A spokesperson for Walt Disney World did not return a request for comment, but as expected shortly after the board voted, the company filed a lawsuit in federal court against the DeSantis administration, the five-member board he appointed and other state officials.

“A targeted campaign of government retaliation — orchestrated at every step by Governor DeSantis as punishment for Disney’s protected speech -- now threatens Disney’s business operations, jeopardizes its economic future in the region, and violates its constitutional rights,” the lawsuit read.

Jeremy Redfern, a spokesman for DeSantis, called Disney's lawsuit "yet another unfortunate example of their hope to undermine the will of the Florida voters and operate outside the bounds of the law."

"We are unaware of any legal right that a company has to operate its own government or maintain special privileges not held by other businesses in the state," he said.
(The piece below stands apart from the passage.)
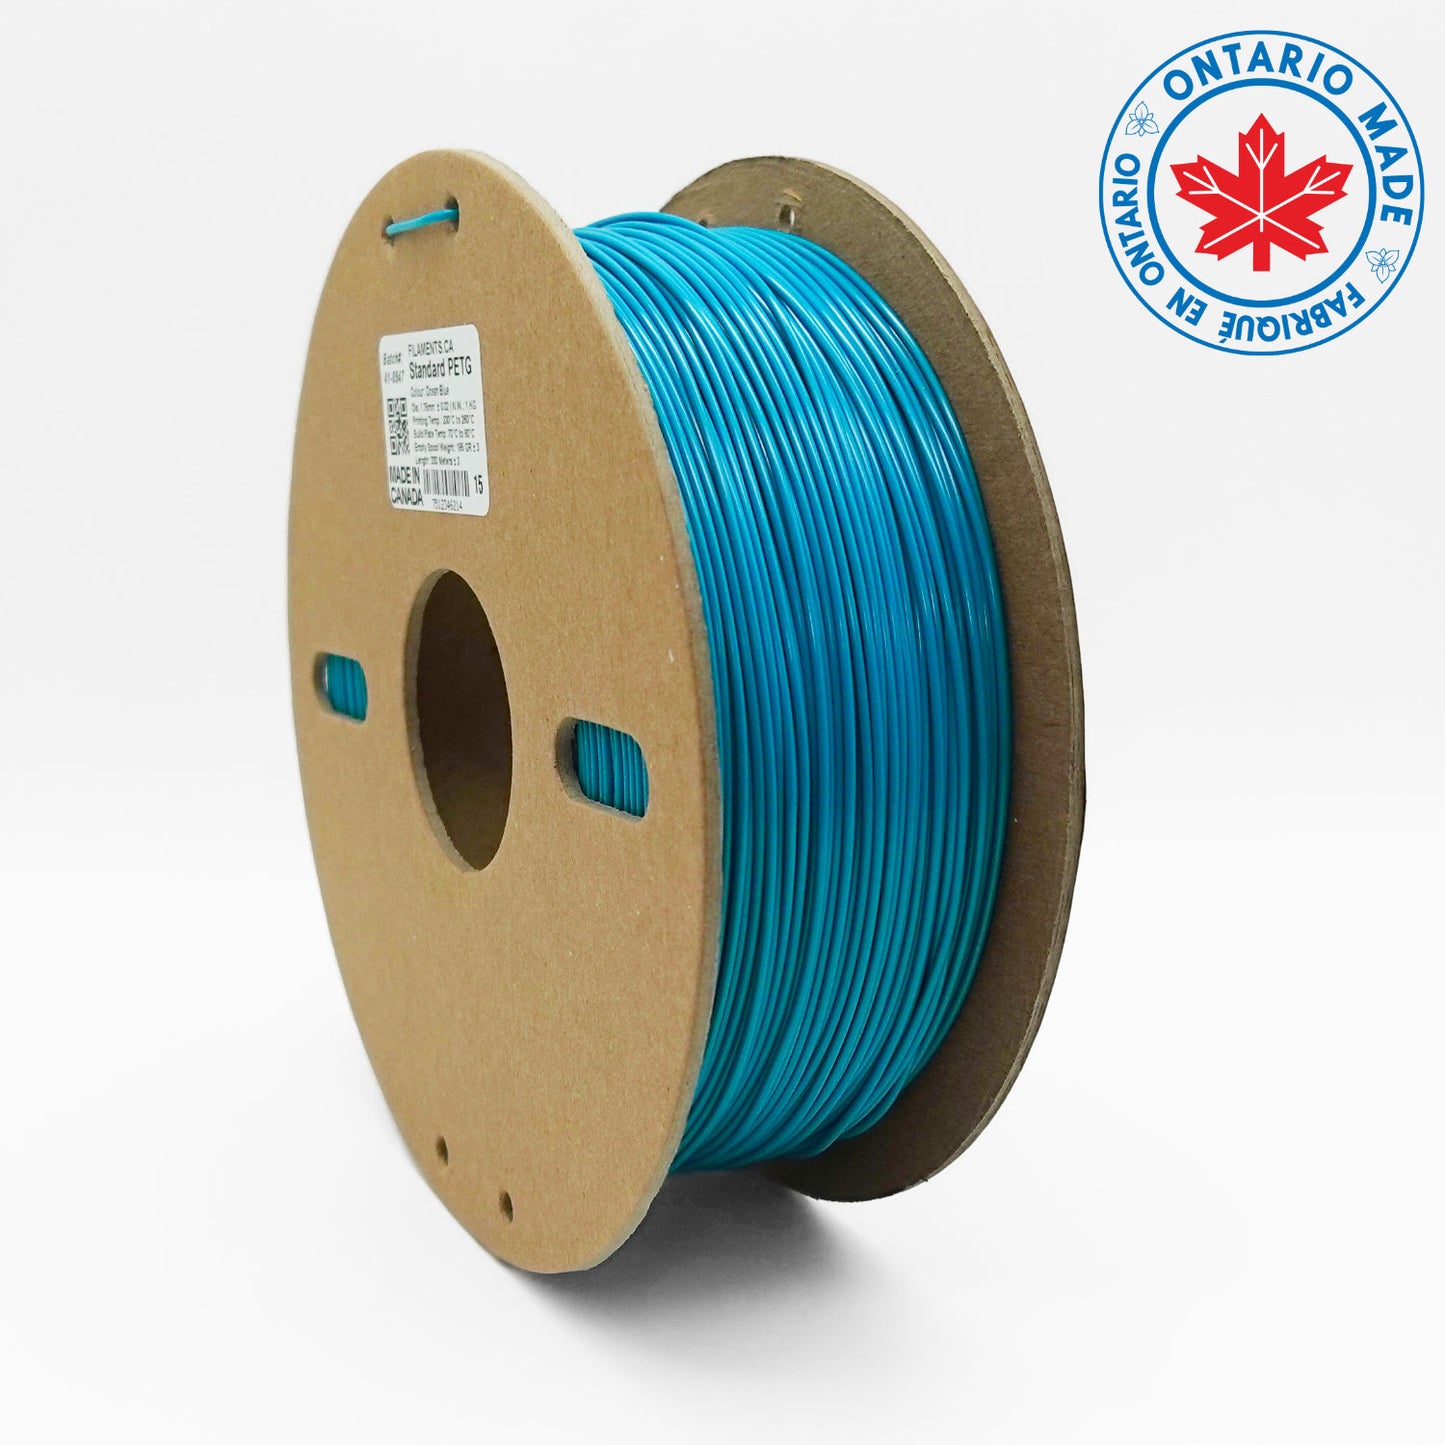 Standard PETG Filament - Ocean Blue - 1.75mm - 1KG –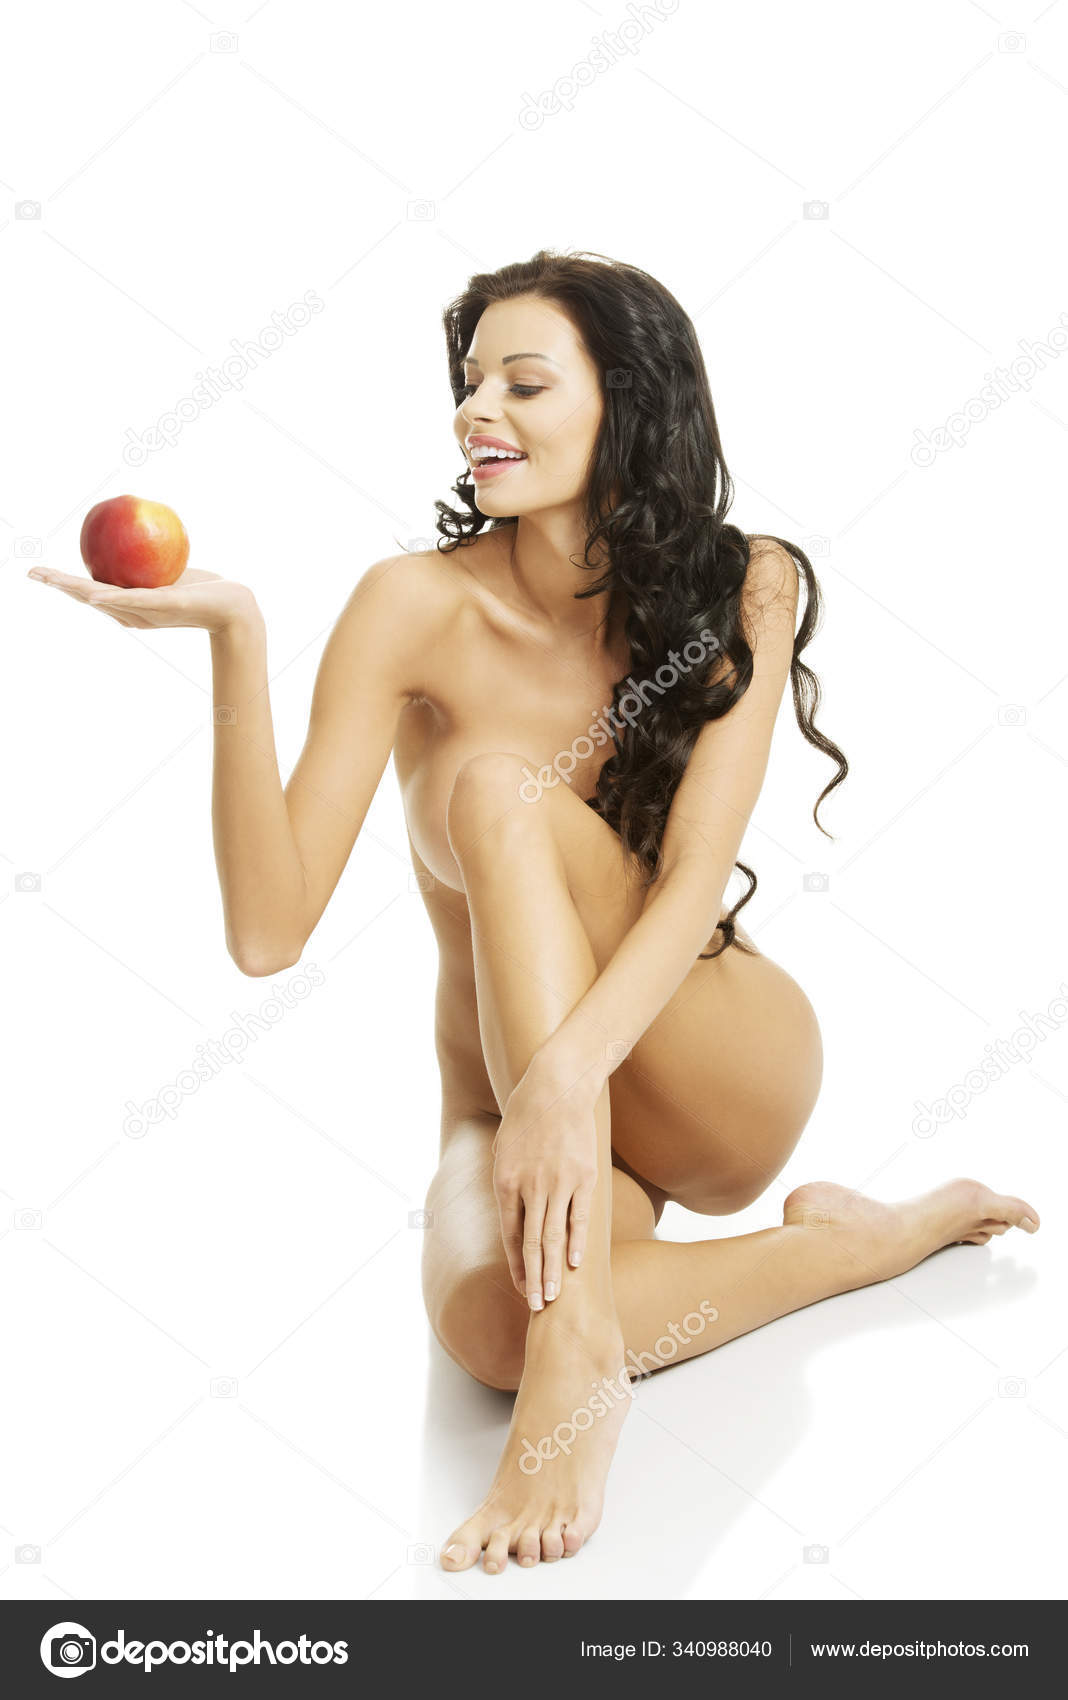 https://st3.depositphotos.com/29384342/34098/i/1600/depositphotos_340988040-stock-photo-happy-fit-nude-woman-apple.jpg

At the beginning of the meeting, several owners of restaurants in the district expressed concern that the ongoing fight between Walt Disney World and the governor could hurt local businesses.

“This dispute has continued for more than a year already,” Mark Gibson, co-founder of the restaurant Splitsville, said. “We have to deal with guests and customers, and are worried there will be repercussions for our restaurants.”

Though he’s widely expected to enter the 2024 race, DeSantis isn't yet a presidential candidate. But that didn't stop at least one potential rival from taking aim at his latest move. Nikki Haley, a presidential contender and former governor of South Carolina, said Disney would be welcomed with open arms in her home state should it choose to leave Florida.